───── MATERIAL PROVIDED ─────
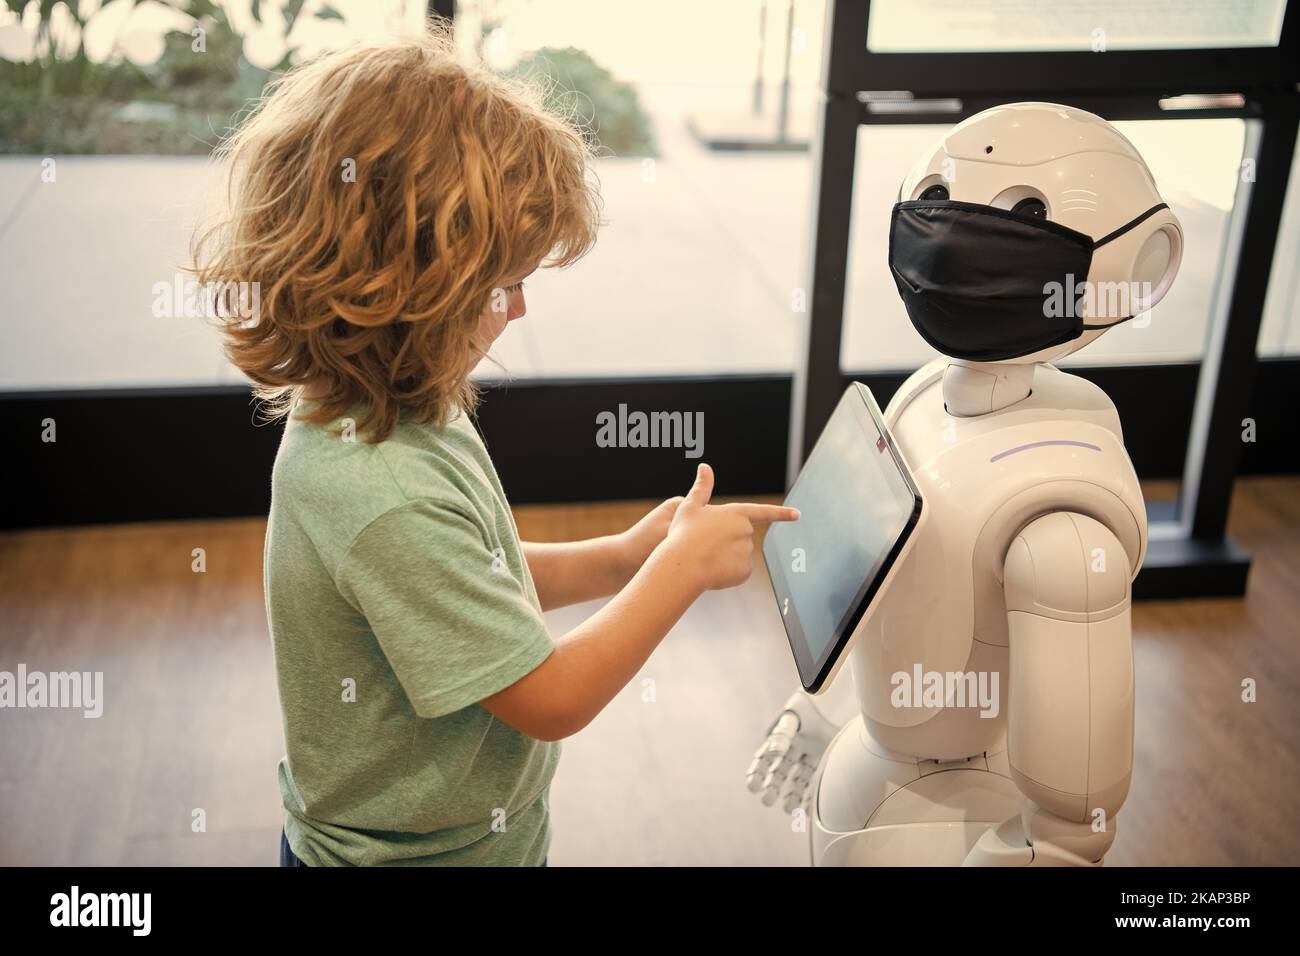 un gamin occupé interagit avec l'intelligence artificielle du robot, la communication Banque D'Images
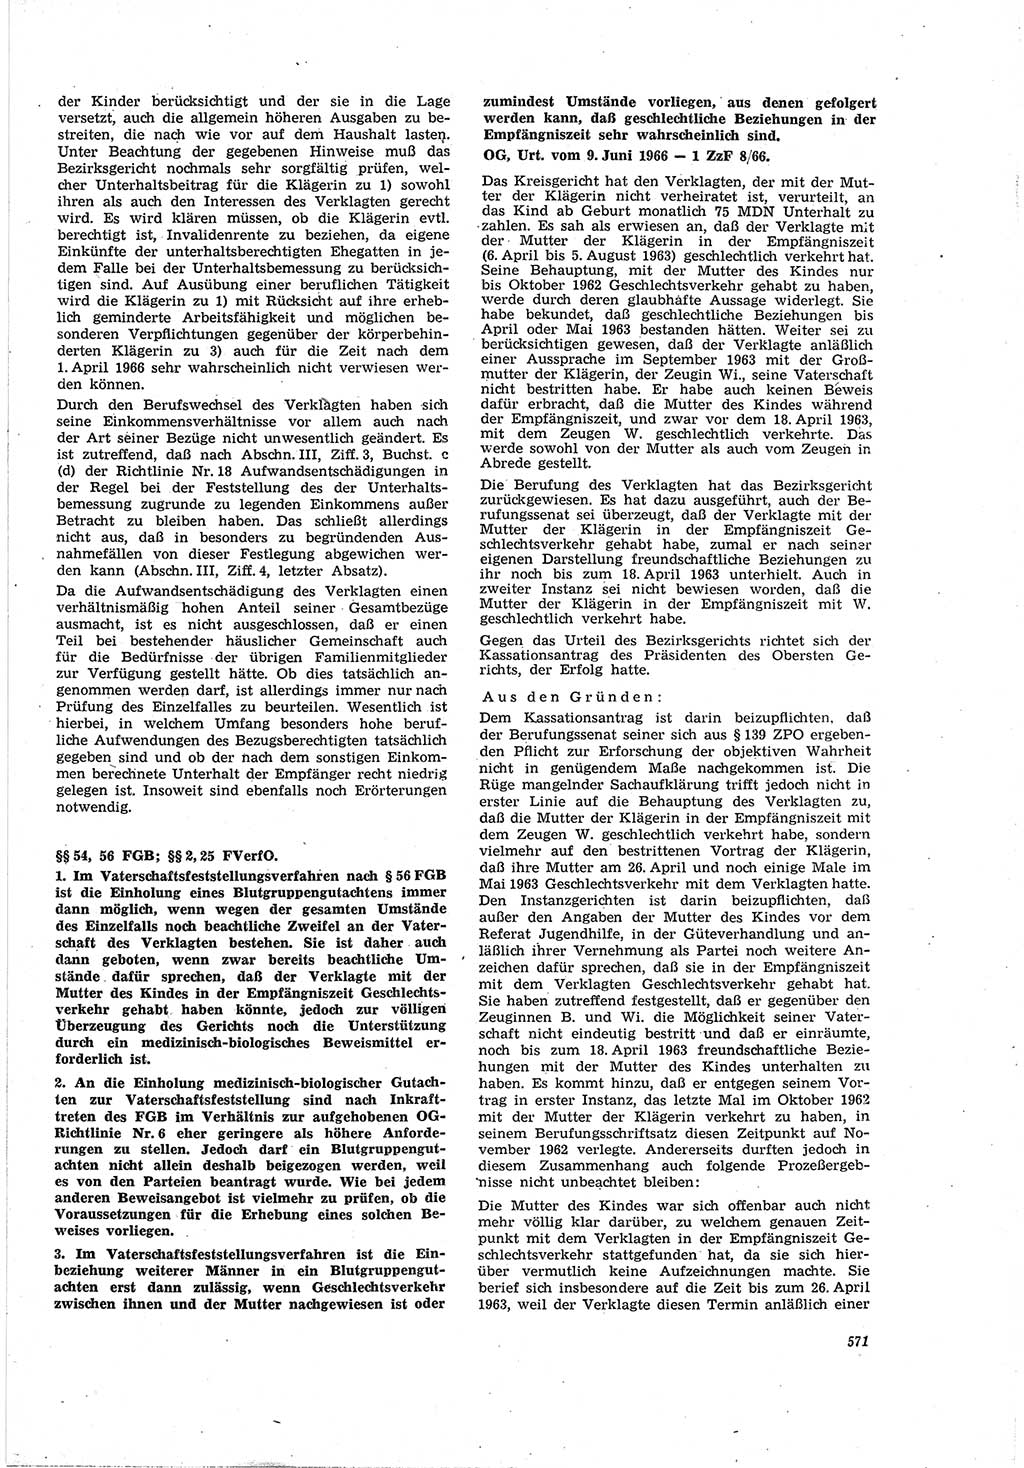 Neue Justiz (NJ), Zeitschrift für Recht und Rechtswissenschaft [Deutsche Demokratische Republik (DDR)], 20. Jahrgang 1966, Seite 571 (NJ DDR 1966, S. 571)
─────
───── MATERIAL PROVIDED ─────
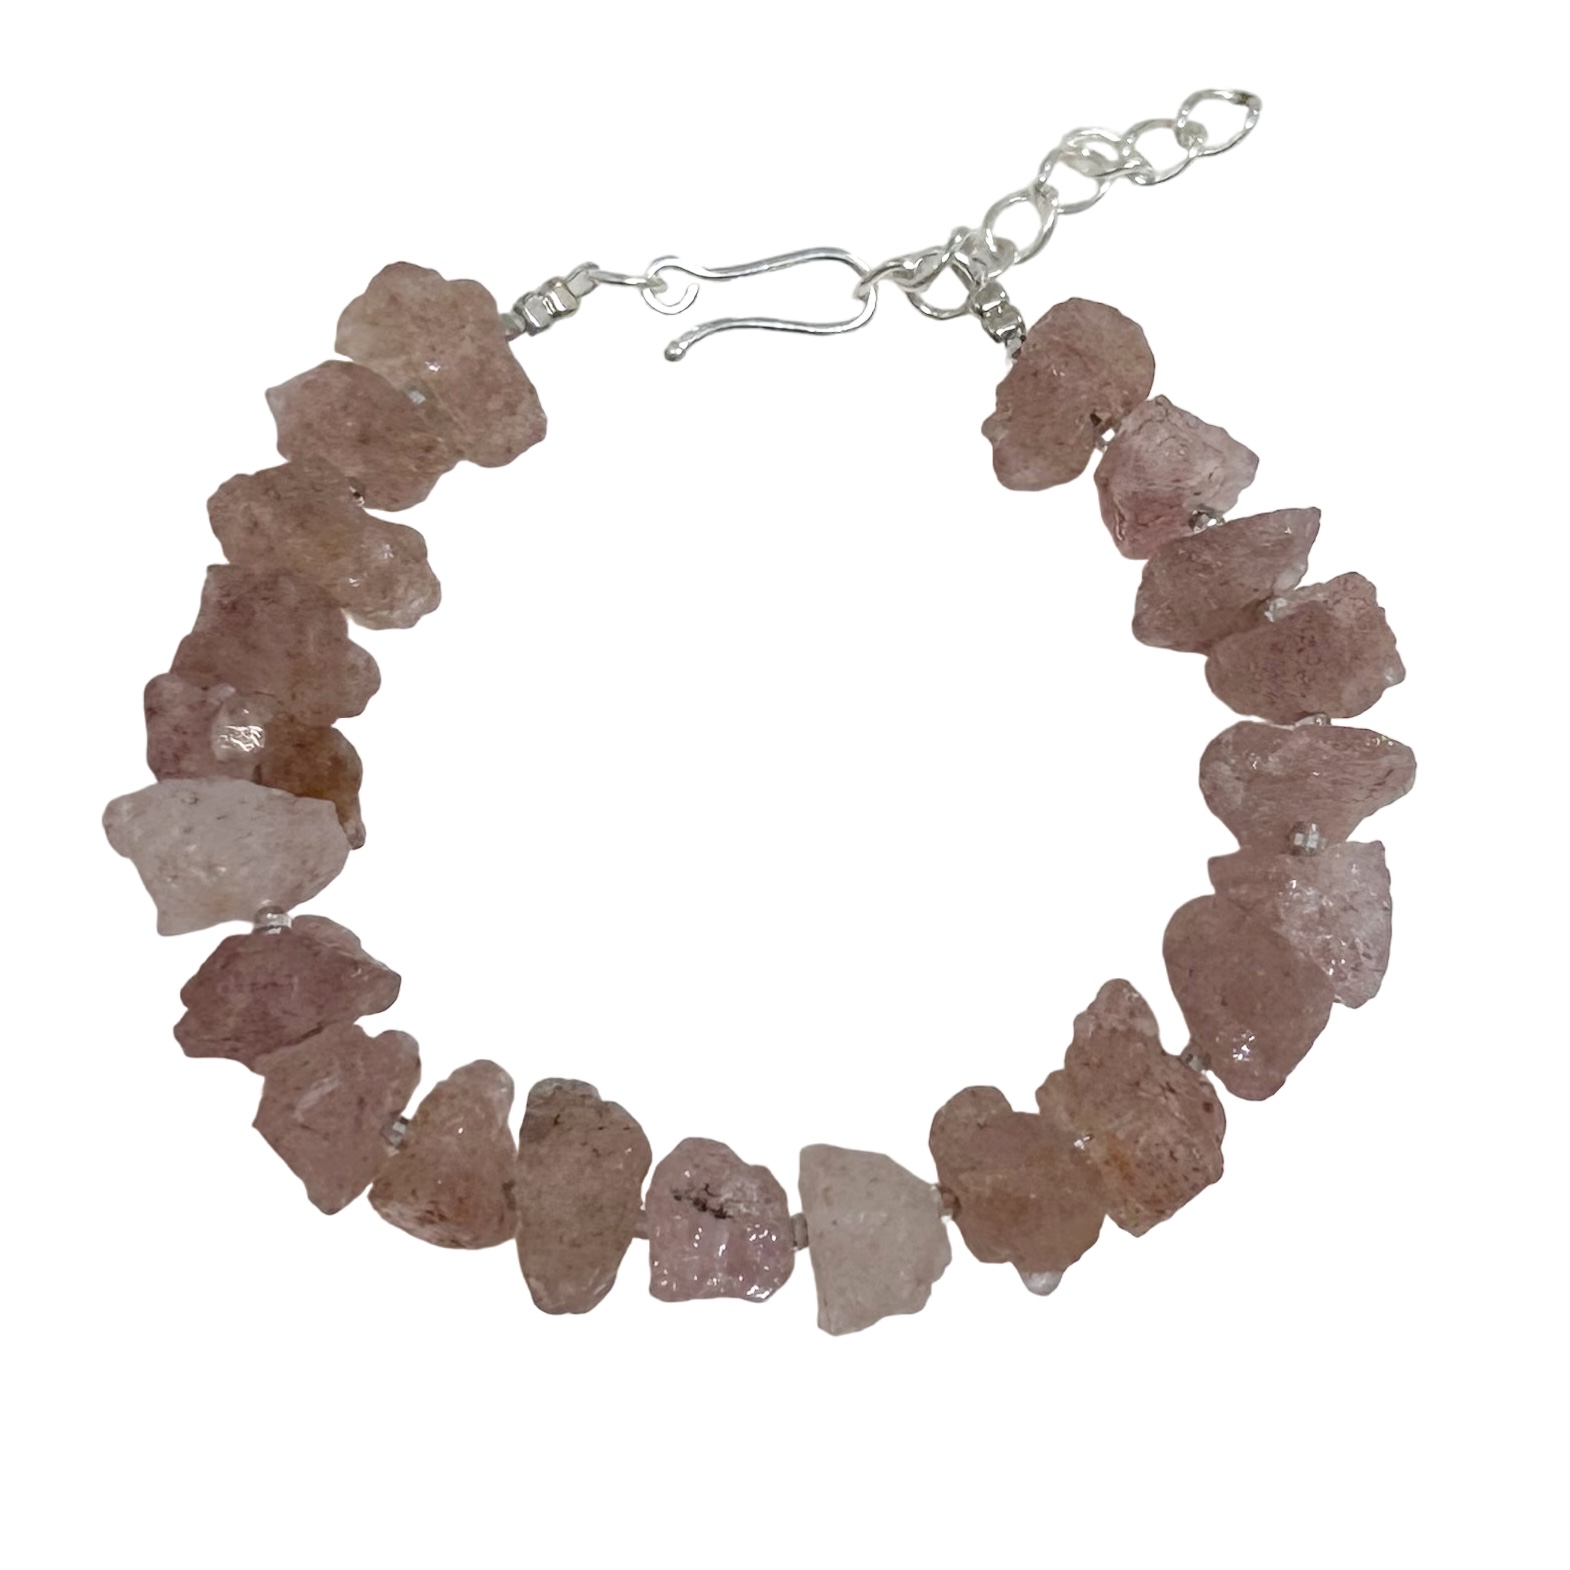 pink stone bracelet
─────
───── MATERIAL PROVIDED ─────
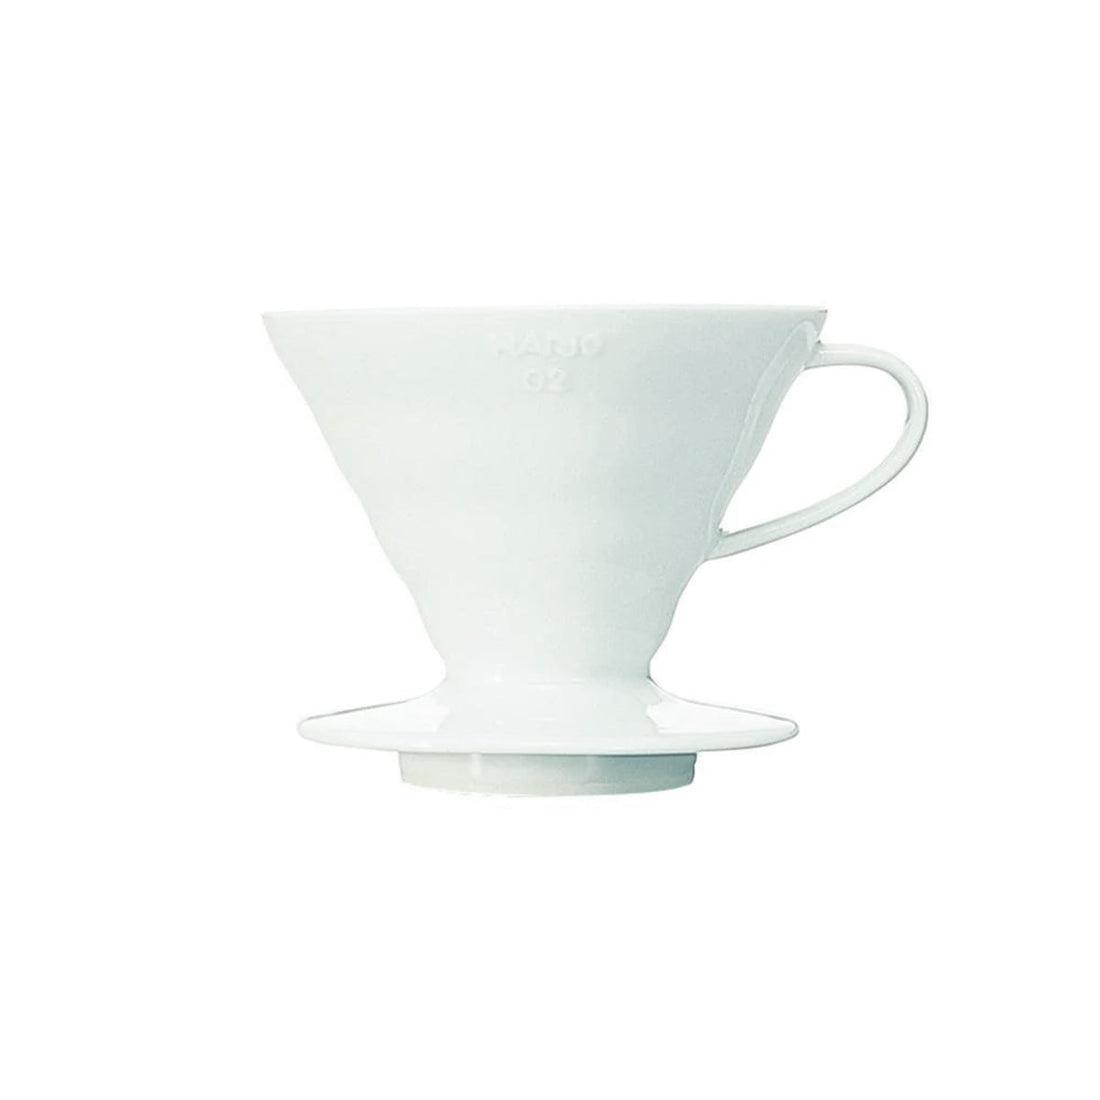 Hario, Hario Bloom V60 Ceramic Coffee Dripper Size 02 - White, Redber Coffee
─────
== WHAT TO DO ==
From the records above, copy exactly the stretch from the line holding "un gamin occupé" through the line holding "Neue Justiz (NJ), Zeitschrift", both ends included, without the pictures.

== REPLY ==
 un gamin occupé interagit avec l'intelligence artificielle du robot, la communication Banque D'Images
 Neue Justiz (NJ), Zeitschrift für Recht und Rechtswissenschaft [Deutsche Demokratische Republik (DDR)], 20. Jahrgang 1966, Seite 571 (NJ DDR 1966, S. 571)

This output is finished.